ASSIGNMENT:
Pictures in the data below are not part of the copy; transcribe everything else exactly.

THE DATA:
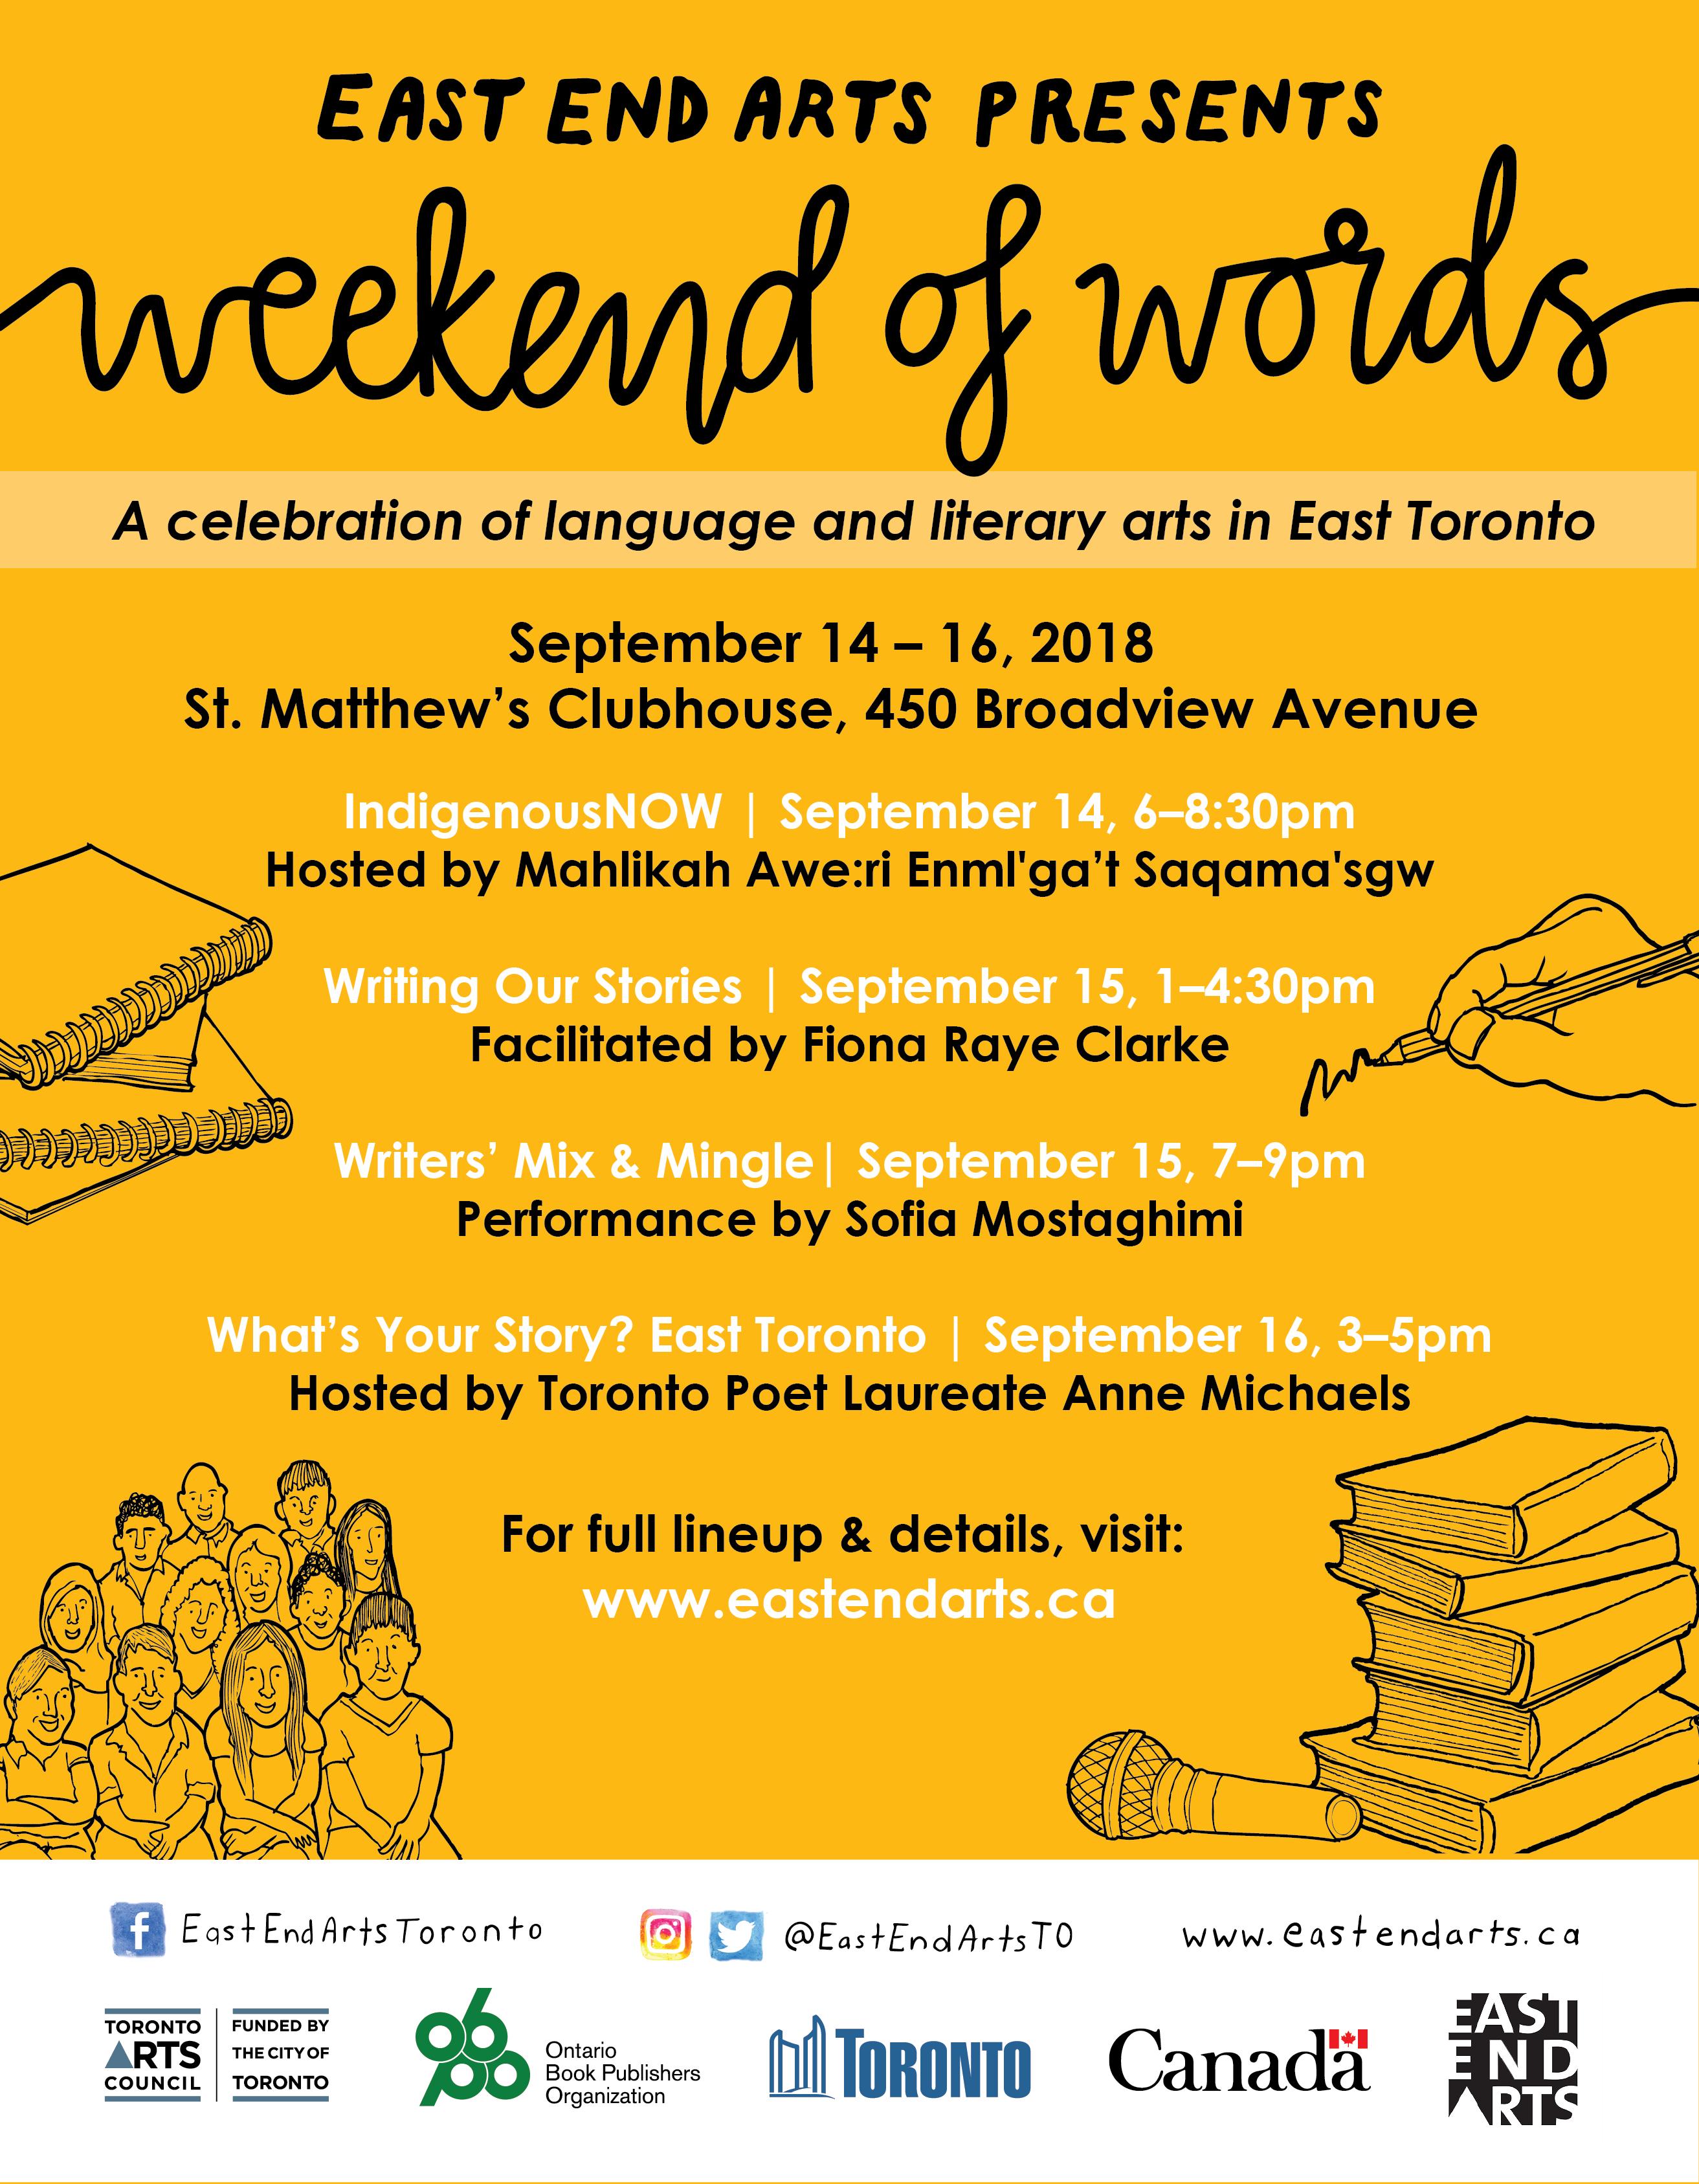 Weekend of Words 2018
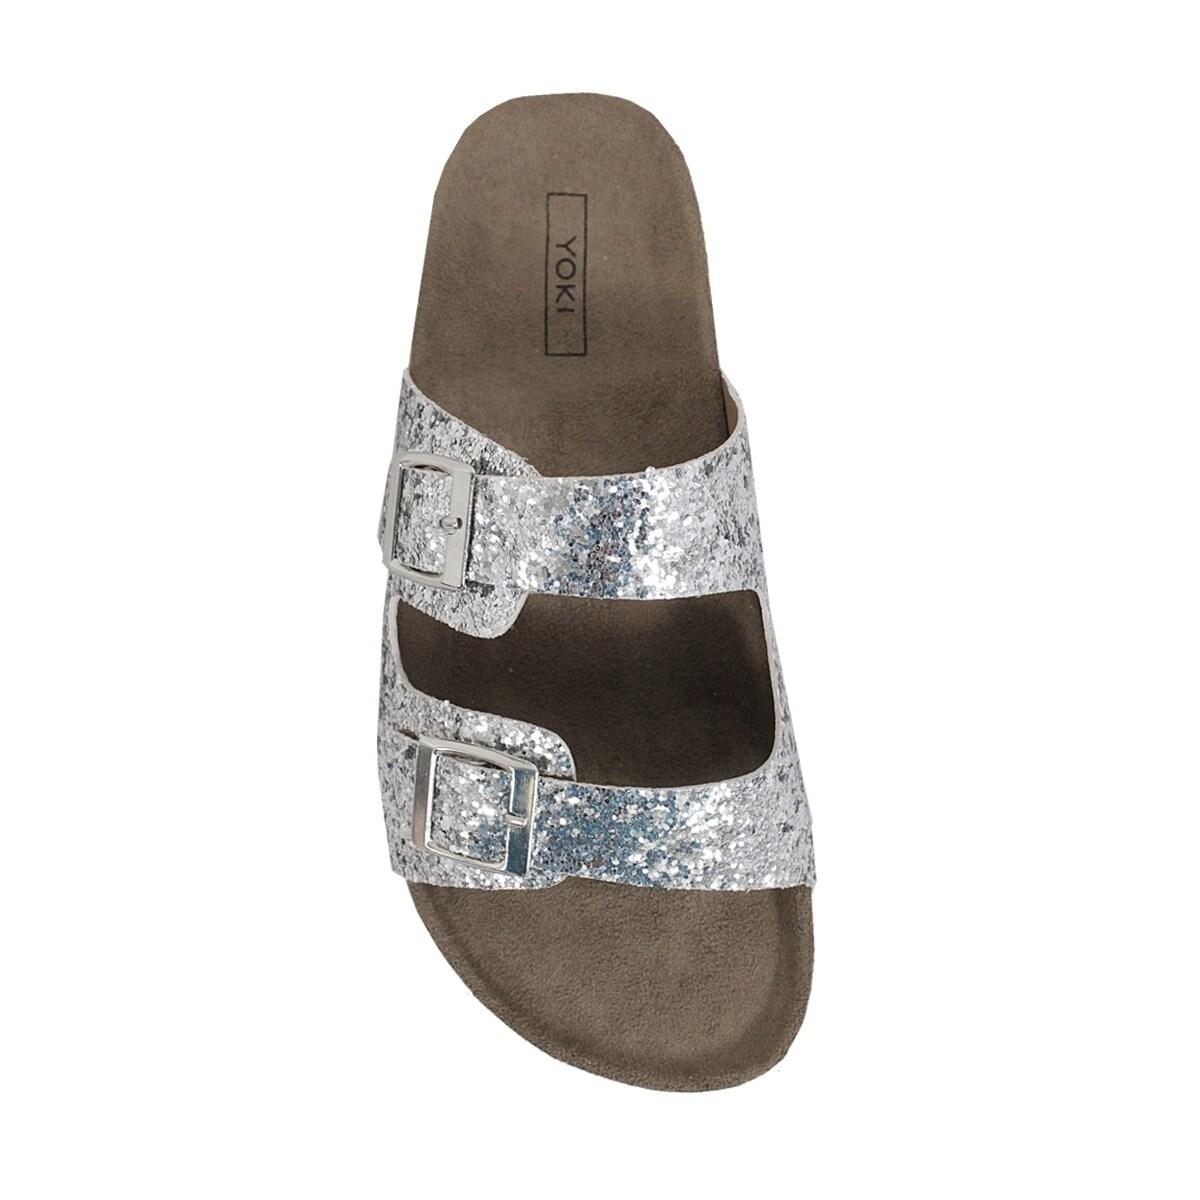 c3056cef7286 Shop YOKI-GIAN-94 women s glittery slip on sandal - Free Shipping On Orders  Over  45 - Overstock - 21024250
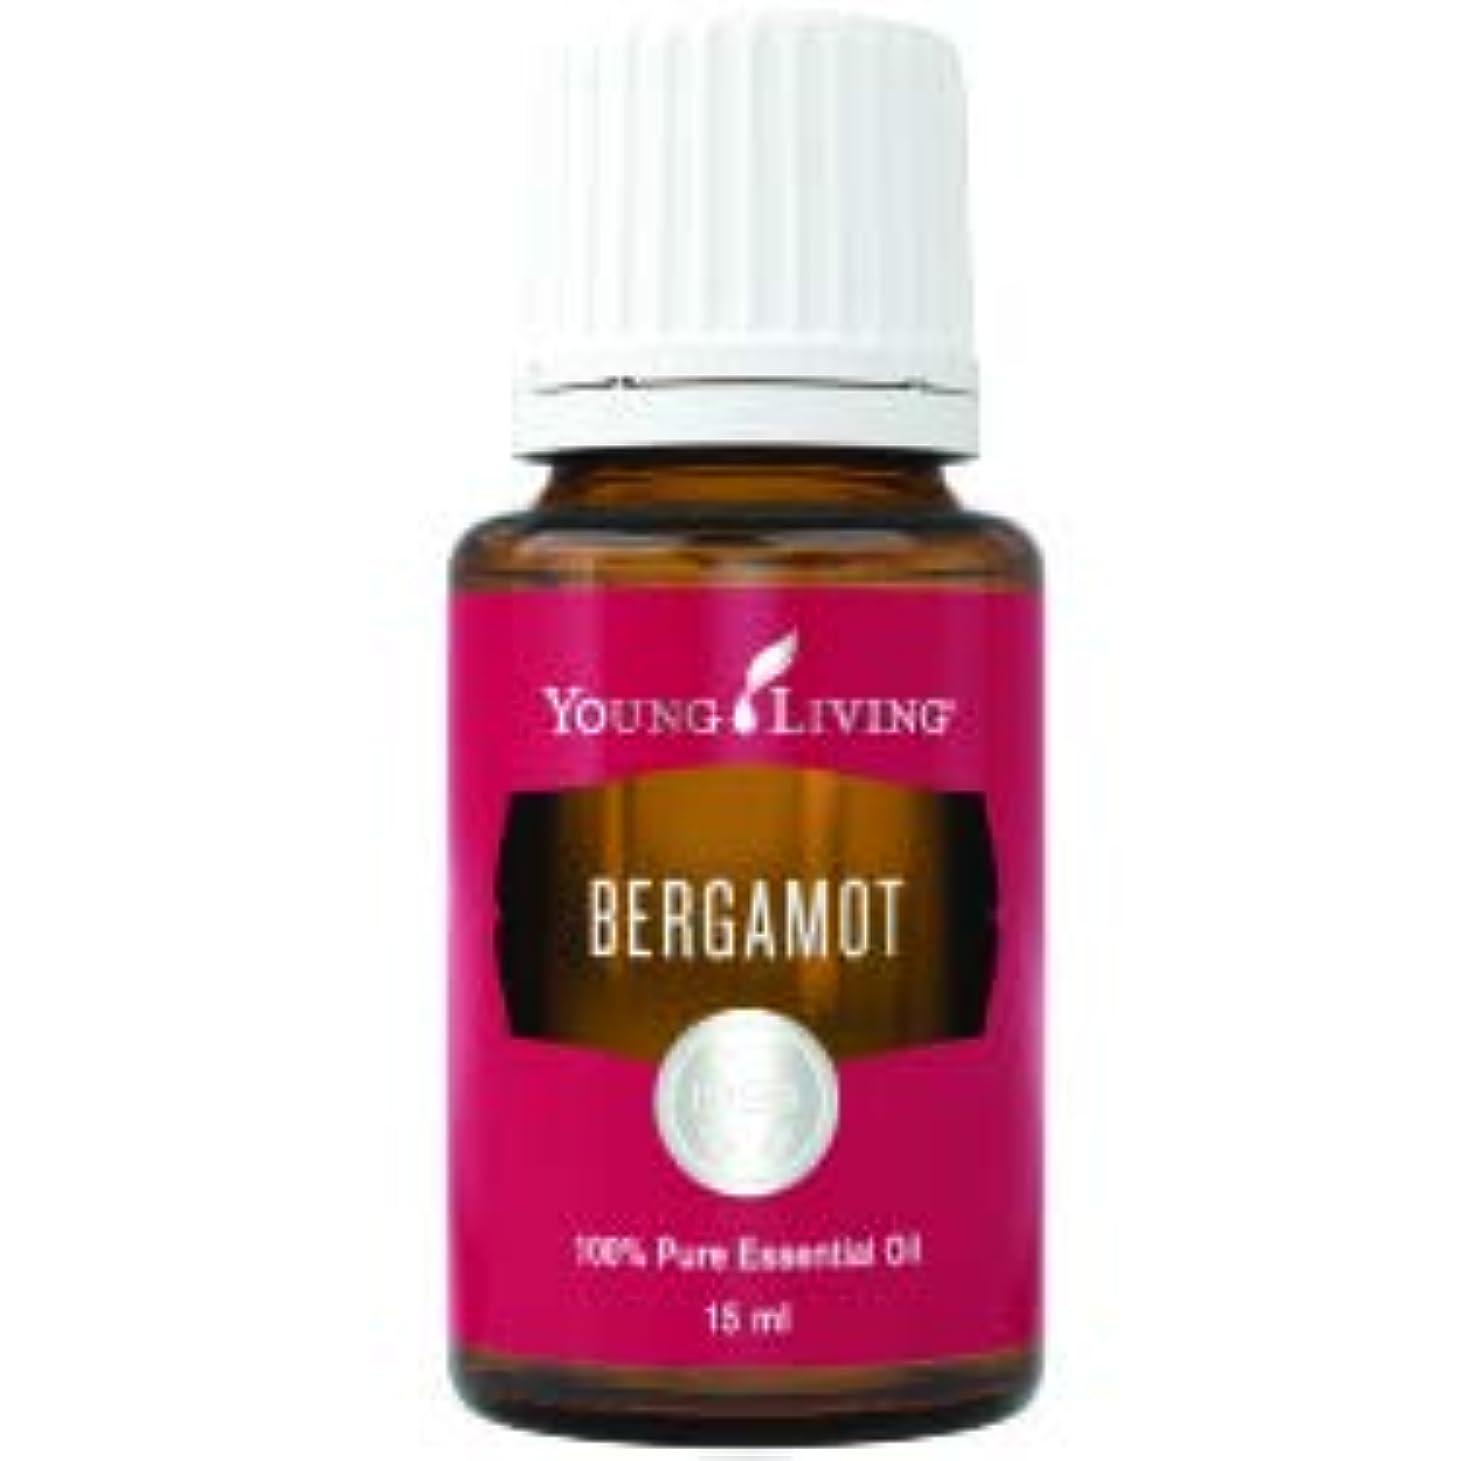 じゃない保険反対するヤングリビングマレーシアのベルガモットエッセンシャルオイル15 ml Bergamot Essential Oil 15 ml by Young Living Malaysia

EXPECTED ANSWER:
 Weekend of Words 2018
 c3056cef7286 Shop YOKI-GIAN-94 women s glittery slip on sandal - Free Shipping On Orders  Over  45 - Overstock - 21024250
 じゃない保険反対するヤングリビングマレーシアのベルガモットエッセンシャルオイル15 ml Bergamot Essential Oil 15 ml by Young Living Malaysia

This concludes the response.